Apesar das peculiares cores berrantes, é o tom sóbrio e seco que predomina no novo drama de Pedro Almodóvar. No acender das luzes, depois da projeção de Julieta, vigésimo filme do cineasta espanhol, o espectador sente a degeneração psicológica imposta pelas lacunas existenciais acumuladas ao longo de uma trajetória sofrida e marcada por perdas.
Almodóvar entrega a história da personagem título em dois momentos da vida: na juventude e na meia idade. Destaque para o bom trabalho das atrizes Adriana Ugarte e Emma Suárez. O processo de construir a mesma mulher em momentos cronológicos diferentes é desafiador e exigiu uma profunda imersão emocional na alma da personagem.
Após um encontro acidental com uma amiga nas ruas de Madri, Julieta volta a perseguir um passado que estava soterrado: a busca por Antía, sua única filha, com quem não tem contato há mais de 12 anos.

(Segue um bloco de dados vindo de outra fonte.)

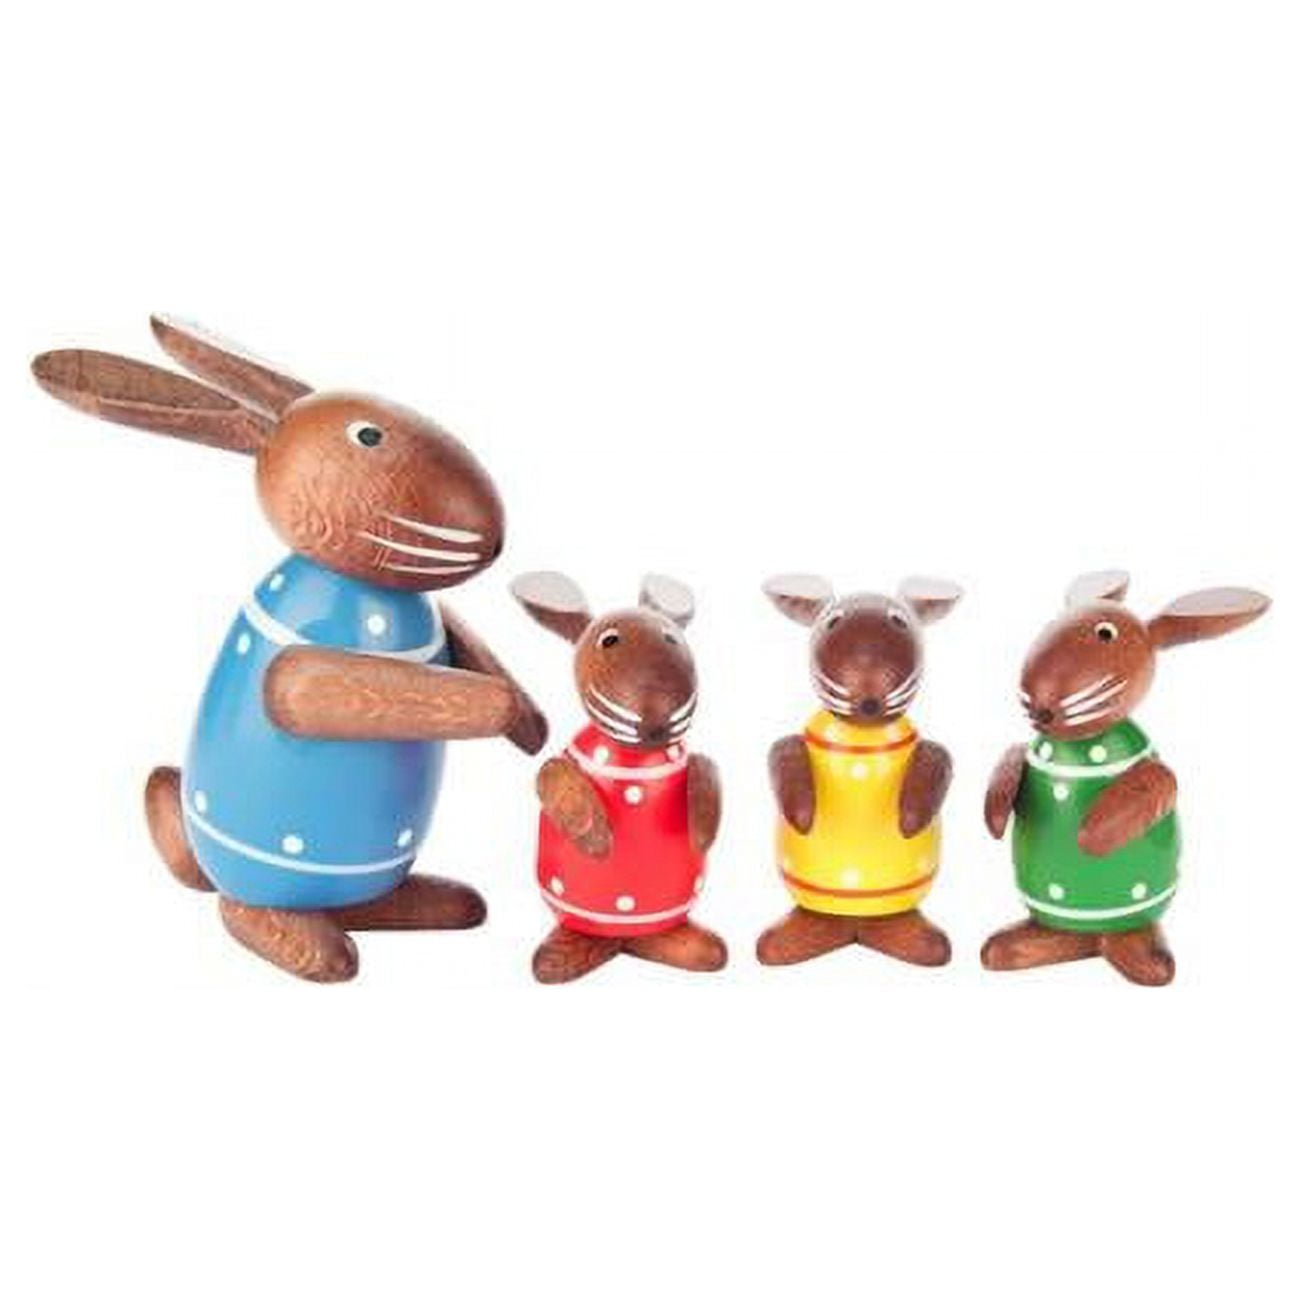 224-703 Dregeno Easter Ornament - Rabbit Family

Menos verborrágica que outras protagonistas comumente associadas ao diretor, sua odisseia percorre o território do luto, da culpa e do abandono. Julieta é vulnerável. Tornou-se calada e circunspecta ao longo dos anos. São muitas palavras não ditas e emoções reprimidas. Da relação caudalosa com o pescador Xoan (Daniel Grao) à crise que se instaurou entre mãe e filha anos mais tarde. De comportamentos distintos, há mistérios nas fases de transformação das personagens após o trágico episódio que conduz o longa-metragem. Os laços maternais ora frouxos ora apertados instigam a reflexão sobre as relações humanas.
Os espaços geográficos e temporais são partes substanciais do filme. Lugares, encontros e desencontros, passado e presente. Cada situação tem algo a dizer. Até os objetos balbuciam. Os bolos de aniversário nunca tiveram um gosto tão amargo.
O roteiro e direção demonstram o domínio do que têm a dizer, tanto pela estética quanto pela narrativa. Almodóvar incorpora o mistério à sua habilidade de permear o universo feminino com maestria.
São muitas informações e referências. As cenas dentro do trem fazem lembrar de Pacto Sinistro (1951) do mestre do suspense Alfred Hitchcock. Outro destaque vai para a atuação de Rossy de Palma, uma empregada enxerida e bem sinistra.
A ambientação e o figurino requintados e elegantes são outro acerto. A Julieta dos anos 1980 com características típicas da época – especialmente cabelo e roupas – se transfigura em uma mulher austera e desesperançosa nos dias atuais.
A trama foi baseada nos contos do livro “Fugitiva” da escritora canadense Alice Munro, vencedora do Prêmio Nobel de Literatura em 2013. Julieta é um filme distintivo na carreira de Almodóvar. O cineasta esquiva-se das excentricidades usuais e de personagens tresloucados como Mulheres à Beira de um Ataque de Nervos (1988), Ata-Me (1990) e Kika (1993) e constrói um drama mais convencional, mas que resultou em um primoroso trabalho.